## Task statement:
Print only the lines running from the line with "Clothing, Outerwear, Coat, Beige, Sleeve, Trench" to the final line below, both included, exactly as written and without the pictures.

## Information shown:
____________________

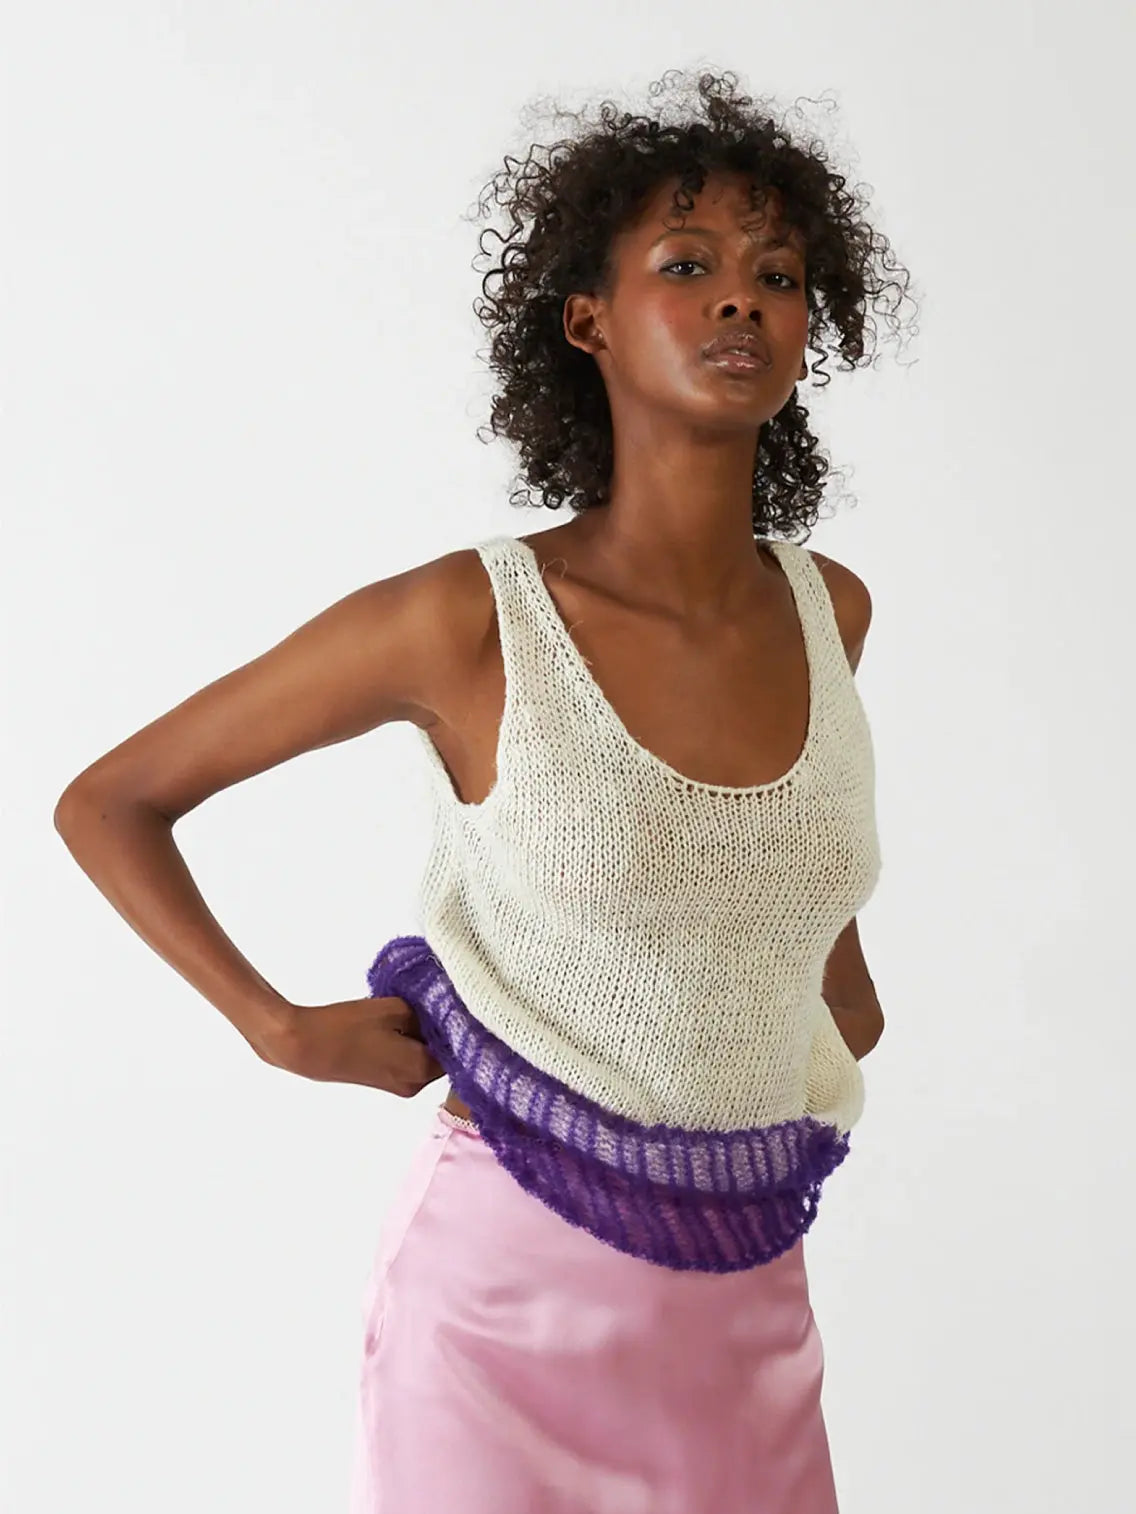 A person with curly hair is wearing a sleeveless, scoop-neck, off-white knit top with a purple ruffle at the bottom. They also have on a light pink satin skirt and are posing against a plain white background, showcasing chic fashion available at bassalstore in Barcelona. The featured top is the Flin Top Purple by Bielo.
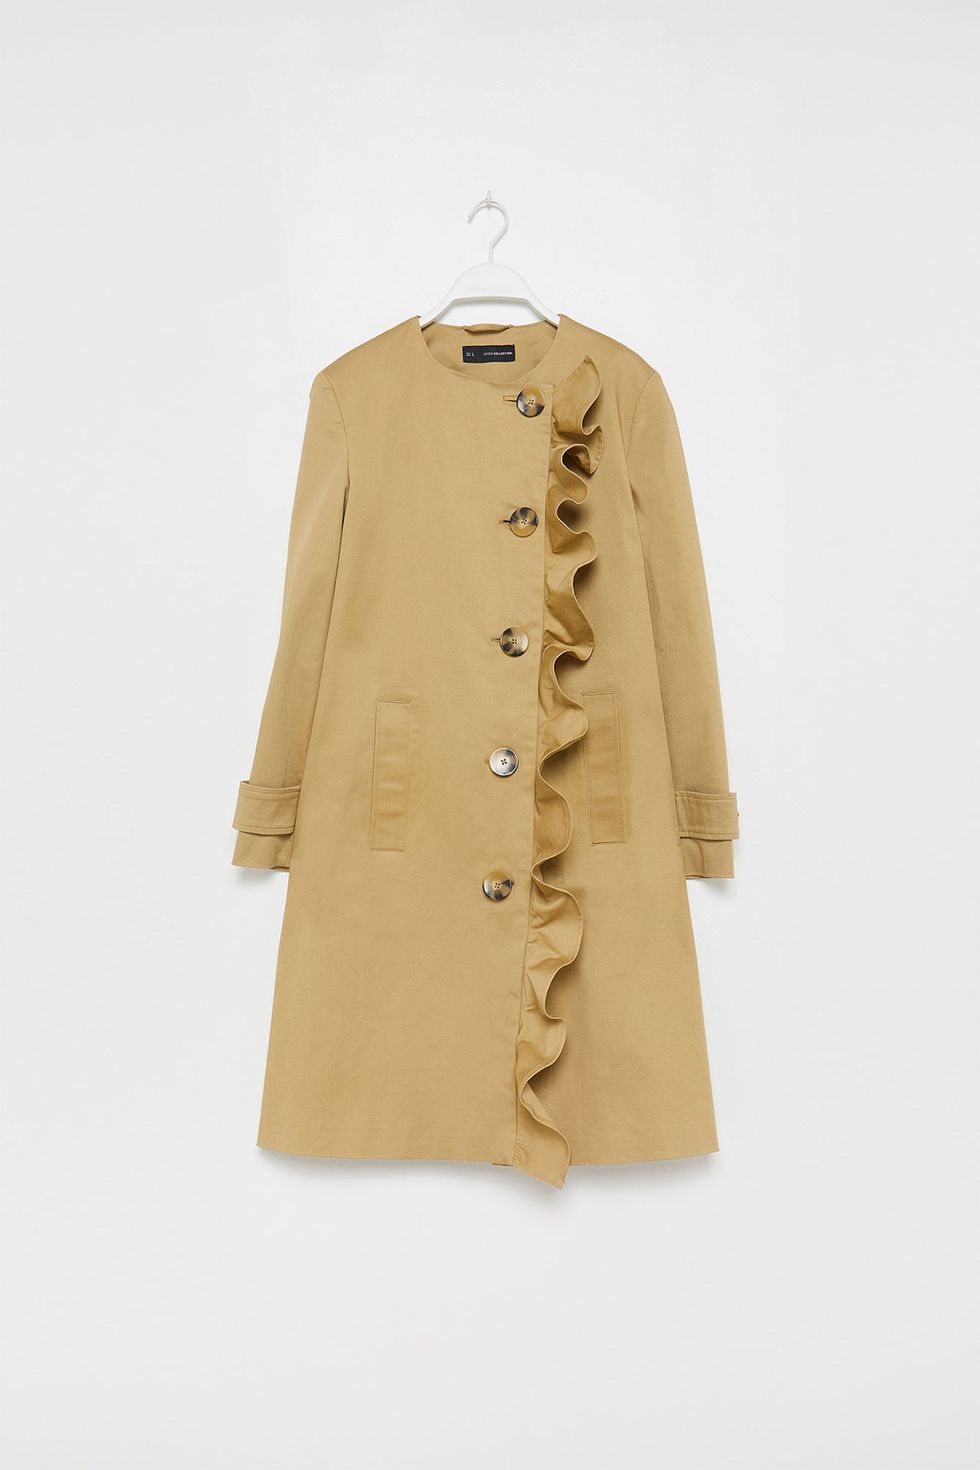 Clothing, Outerwear, Coat, Beige, Sleeve, Trench coat, Overcoat, Button, Jacket, Clothes hanger, 
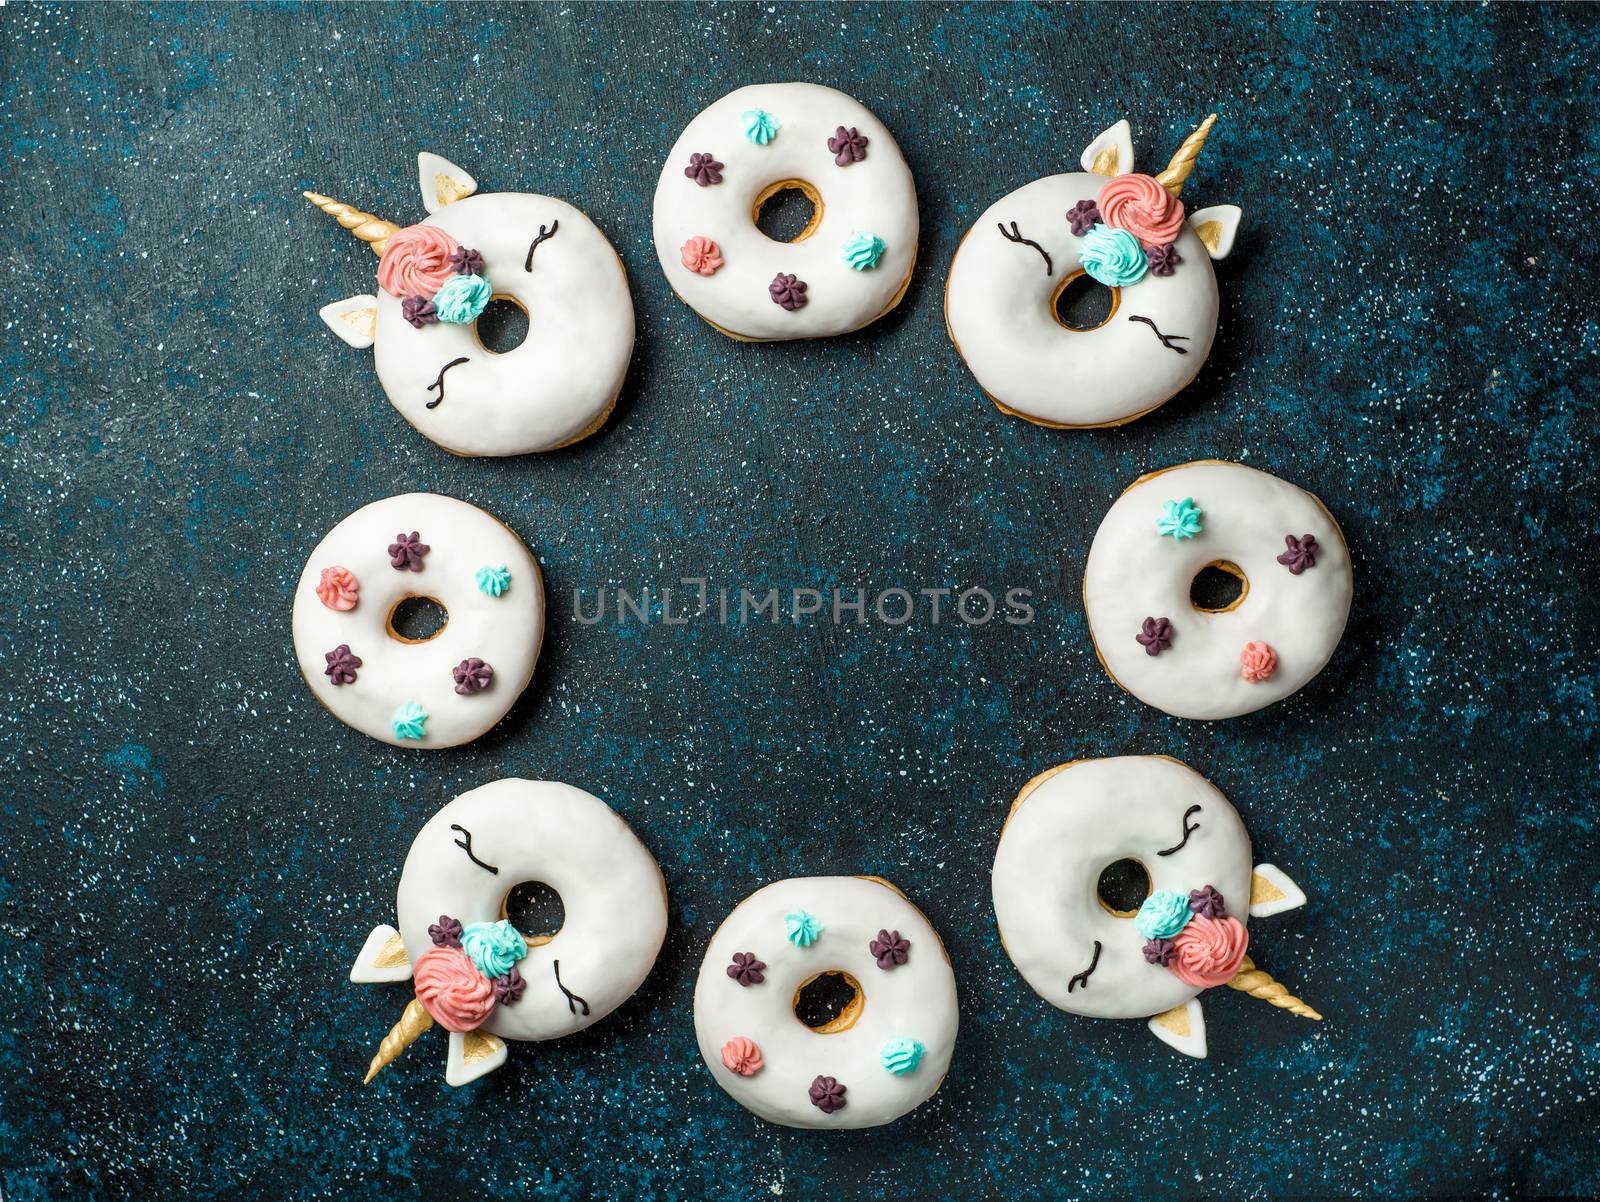 Unicorn donuts with copy space by fascinadora

____________________

## Exercise solution:
 Clothing, Outerwear, Coat, Beige, Sleeve, Trench coat, Overcoat, Button, Jacket, Clothes hanger, 
 Unicorn donuts with copy space by fascinadora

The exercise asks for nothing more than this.